The negligee or négligée (négligé /fr/; lit. 'neglected'), also known in French as déshabillé (/fr/; lit. 'undressed'), is a form of see-through clothing for women consisting of a sheer, usually long, dressing gown. It is a form of nightgown intended to be worn in the bedroom. It was introduced in France in the 18th century, where it mimicked the heavy head-to-toe style of women's day dresses of the time.

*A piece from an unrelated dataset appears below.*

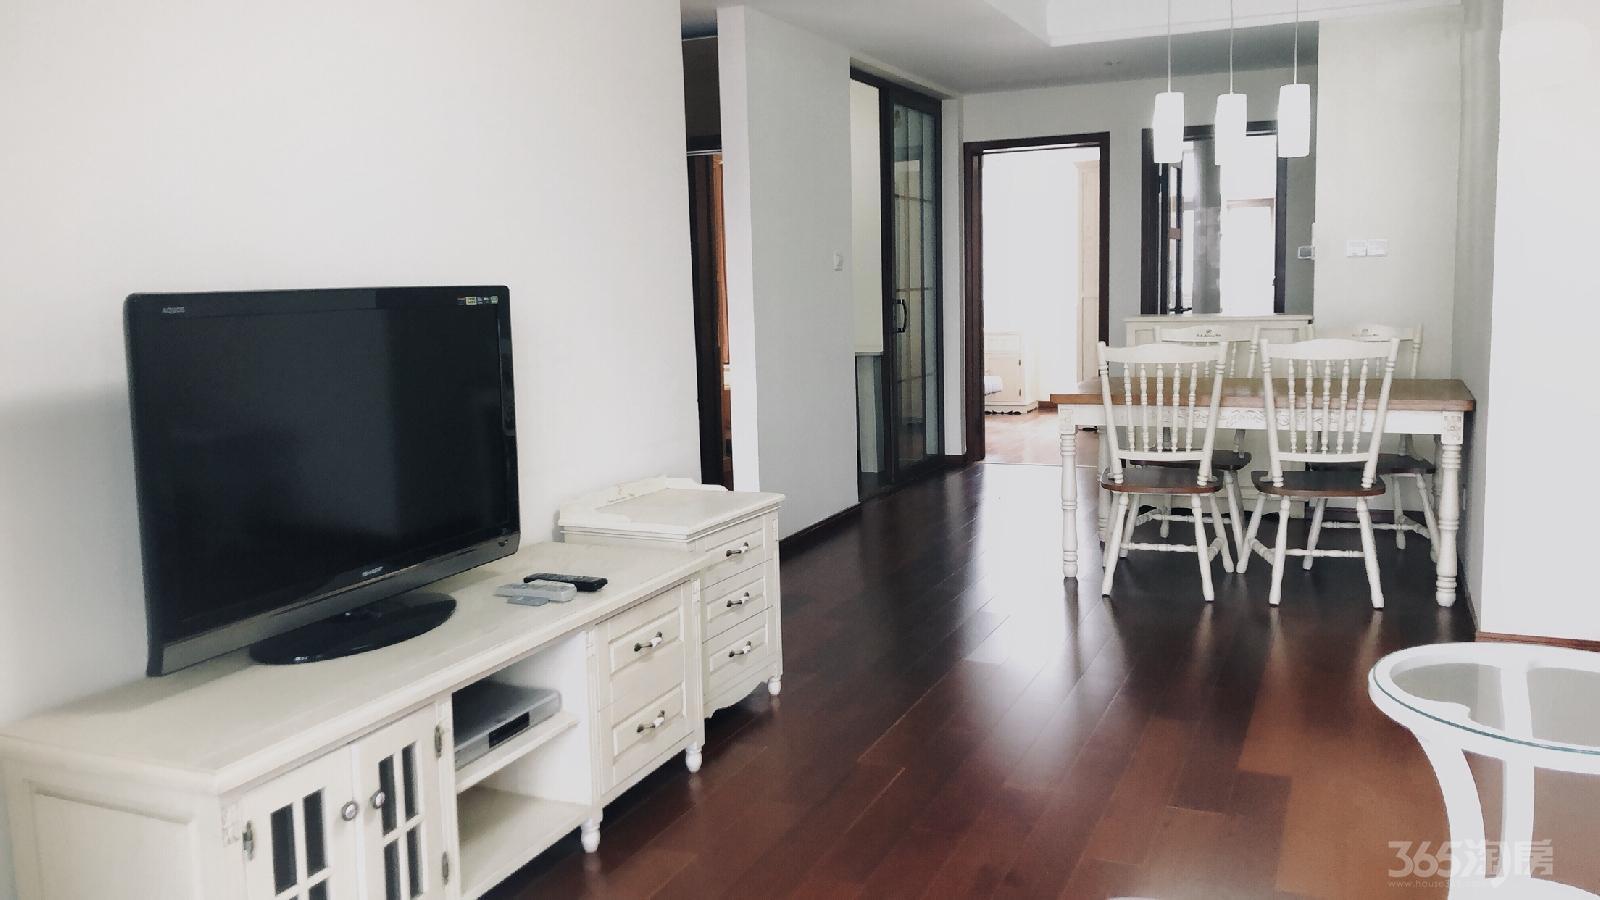 金地名京3室2厅1卫88平米豪华装产权房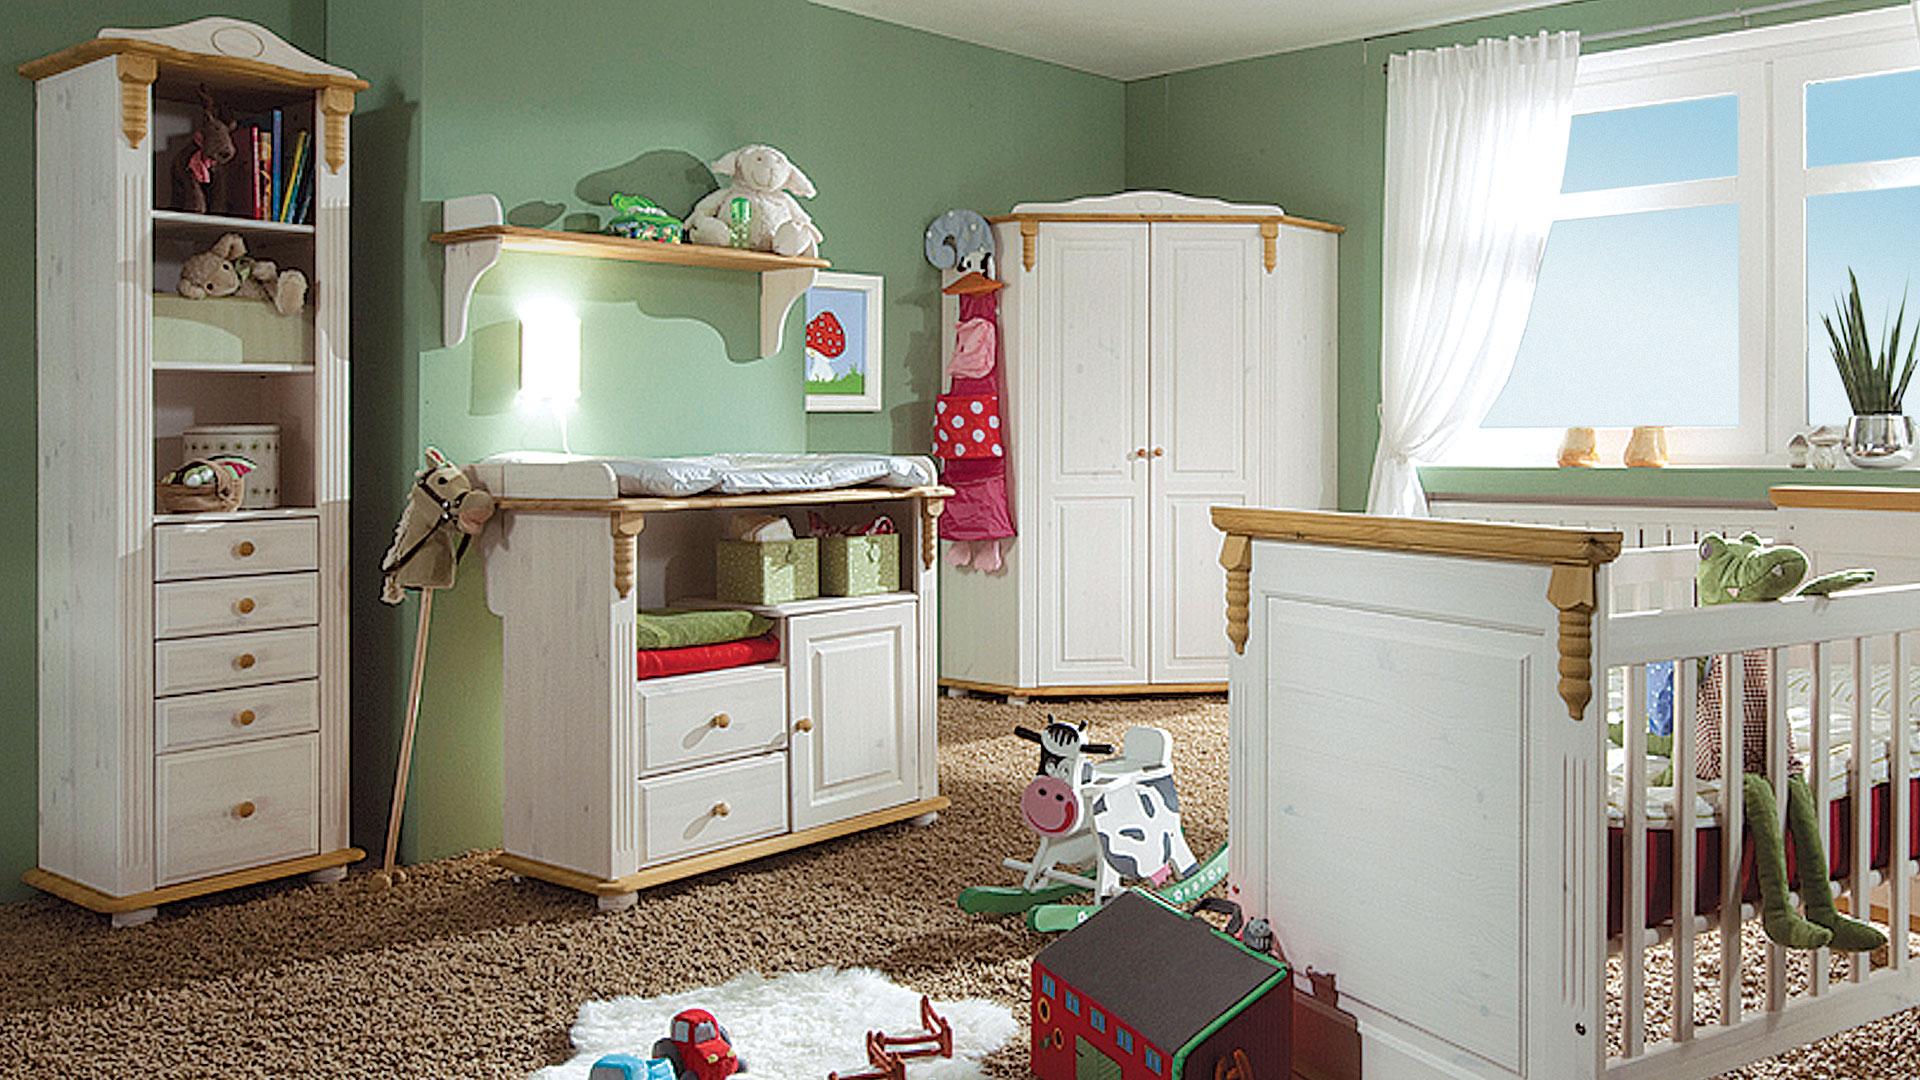 Full Size of Kinderzimmer Eckschrank Eck Kleiderschrank Riccio Gerumig Regal Küche Schlafzimmer Regale Sofa Bad Weiß Wohnzimmer Kinderzimmer Eckschrank

By the 1920s, the negligee began to mimic women's satin single-layer evening dress of the period. The term "negligee" was used on a Royal Doulton run of ceramic figurines in 1927, showing women wearing what appears to be a one-piece knee-length slip made of silk or rayon, trimmed with lace. Although the evening-dress style of nightwear made moves towards the modern negligee style—translucent bodices, lace trimming, bows, exemplified in 1941 by a photo of Rita Hayworth in Life—it was only after World War II that nightwear changed from being primarily utilitarian to being primarily sensual or even erotic; the negligee emerged strongly as a form of lingerie.

Modern negligees are often much looser, made of sheer and diaphanous fabrics, and trimmed with lace or other fine material and bows. Multiple layers of fabric are often used. The modern negligee thus perhaps owes more to women's fine bedjackets or bed-capes, and up-market slips than to the nightgown. It spread to a mass market, benefiting from the introduction of cheap synthetic fabrics such as nylon and its finer successors. From the 1940s to the 1970s, the trend was for negligees to become shorter in length (e.g. the babydoll of the 1970s). Negligees made from the 1940s to the 1970s are now collectible vintage items.

In the UK in 2004, negligees accounted for only four percent of women's nightwear sales, women's pyjamas having dominated since the mid-1980s. However, UK negligee sales are said to have been the fastest increasing sector of the market since 1998.